CIVAC: Compliance Officer as a Service, with Workspace and DACH Network
CIVAC is a compliance platform and Officer-as-a-Service for the German, Austrian and Swiss SME sector. The CIVAC model combines the external Compliance Officer with a structured workspace: task management, project module for audits and assessments in accordance with IDW PS 980, training module with certificate, documentation module and AI assistant with confidence score and source references.
Appointment is completed within two working days: contract, letter of appointment, initial reporting line. The CIVAC network covers all relevant DACH markets and coordinates between German, Austrian and Swiss specialists on cross-border compliance requirements.

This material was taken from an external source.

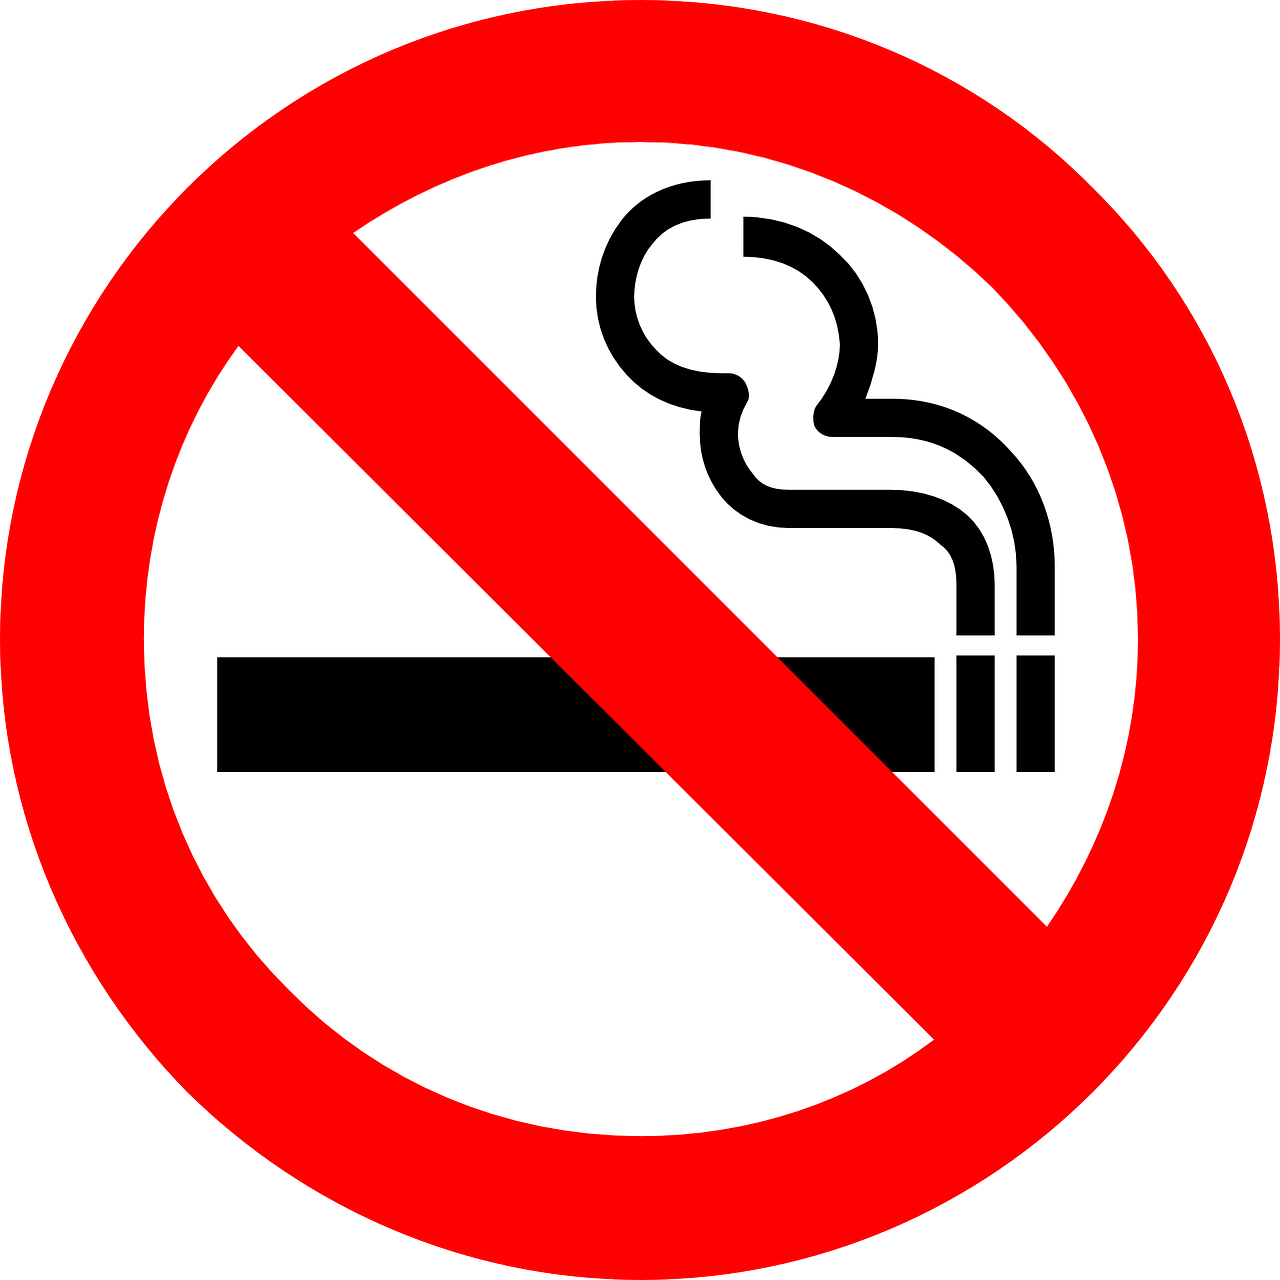 Top Four Reasons to Quit Smoking in Honor of The Great American Smokeout

License the workspace for your internal officers — or have our officers appointed. Both are documentable on the same platform, with a unified audit log and coordinated reporting lines for all officer roles your company requires.

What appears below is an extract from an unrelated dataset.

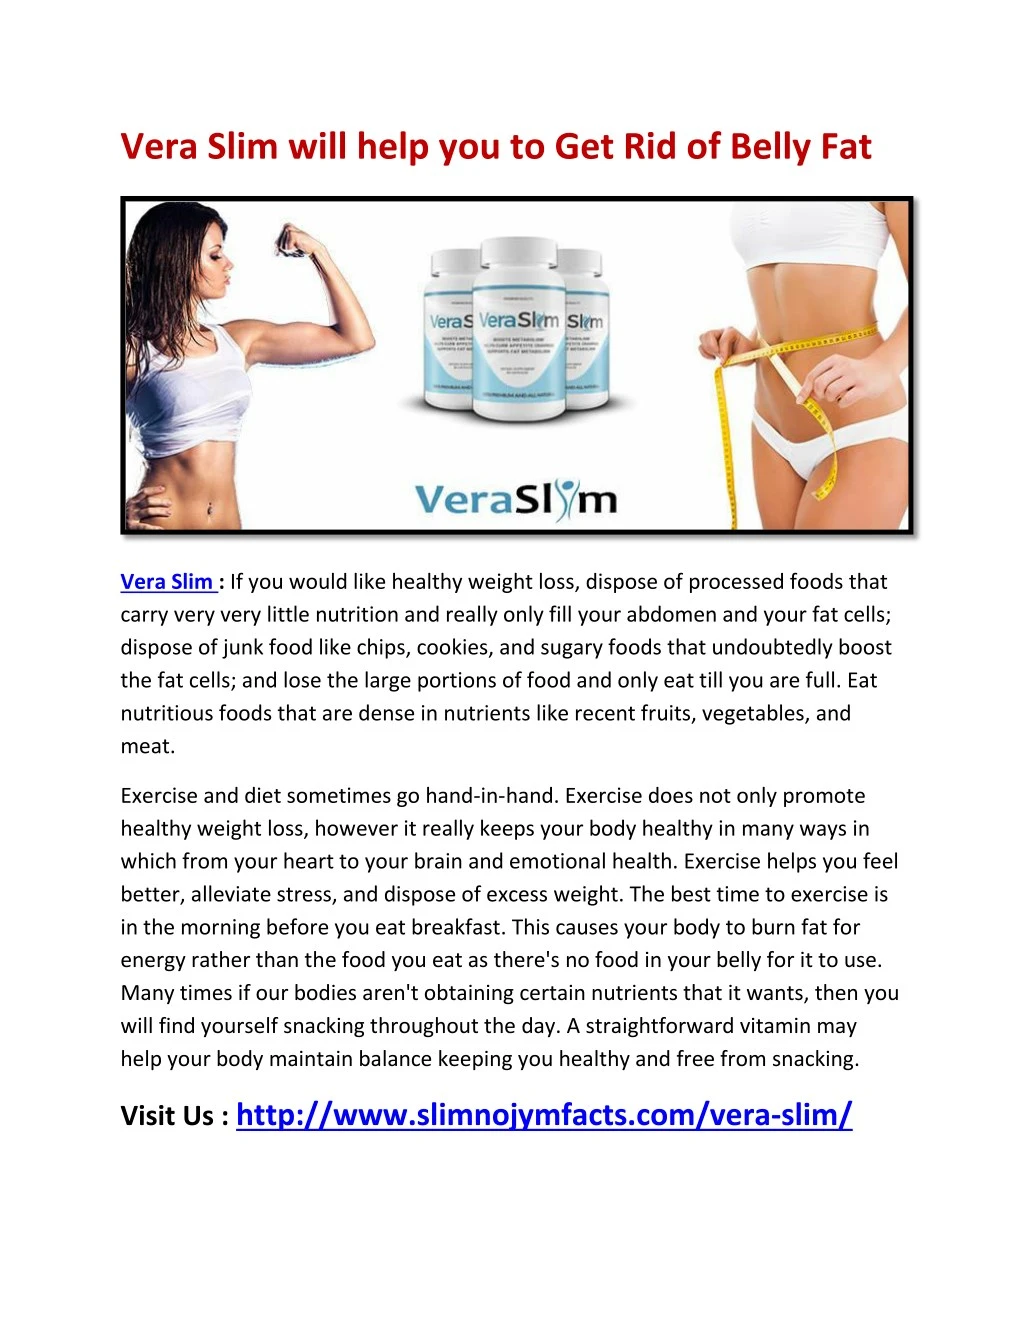 vera slim will help you to get rid of belly fat

If you wish to clarify your specific compliance needs in the DACH region, speak with us. Turn reading into action: info@civac.de or via the contact form at civac.de.
FAQ
From what company size does an SME need a Compliance Officer?
There is no statutory threshold for the CO obligation comparable to that for the DPO. However, § 130 OWiG establishes a supervisory duty of management from the first employee. In practice, auditors and lawyers recommend a formalised compliance function from 50 employees.
What distinguishes a Compliance Officer from a lawyer?
A lawyer provides legal advice and is subject to the professional conduct rules of the BRAO. A Compliance Officer implements and operates a CMS, trains employees, reports to management and monitors the effectiveness of measures. This operational function goes beyond legal advice but does not constitute legal advice within the meaning of the RDG.
Does a German Compliance Management System also apply to subsidiaries in Austria and Switzerland?
Partly, but not fully. A German CMS in accordance with IDW PS 980 covers the German requirements. For Austrian and Swiss subsidiaries, national law (GmbHG, UGB, OR, VStrR) and local regulatory requirements must be taken into account. An experienced DACH CO coordinates these differences.
Can an external CO also act as the Internal Reporting Office Officer under the Whistleblower Protection Act (HinSchG)?
Yes, provided no conflict of interest arises. § 14 of the Whistleblower Protection Act (HinSchG) permits the appointment of external bodies as the Internal Reporting Office. A CO who also operates the Internal Reporting Office creates a coherent compliance function. Confidentiality towards whistleblowers must be contractually guaranteed.
How frequently must the Compliance Officer report to management?
Under IDW PS 980, at least annually; under good practice, bi-annually. Quarterly brief reports on material compliance risks or ongoing cases are standard. The frequency should be fixed in the mandate contract.
What is the difference between a Compliance Officer and a compliance consultant?
A Compliance Officer assumes a formal function within the company — with reporting lines, authority over compliance matters and ongoing operational responsibility. A compliance consultant produces opinions and recommendations but bears no ongoing operational responsibility. In a liability context, this distinction is highly material.